*** Supplied information Section Begins ***
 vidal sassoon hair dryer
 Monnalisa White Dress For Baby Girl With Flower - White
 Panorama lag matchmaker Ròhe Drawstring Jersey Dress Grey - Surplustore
*** Supplied information Section Ends ***
Your instructions:
Your answer should be each line of the data that contains the word "Dress", copied as it stands.

Result of this exercise:
 Monnalisa White Dress For Baby Girl With Flower - White
 Panorama lag matchmaker Ròhe Drawstring Jersey Dress Grey - Surplustore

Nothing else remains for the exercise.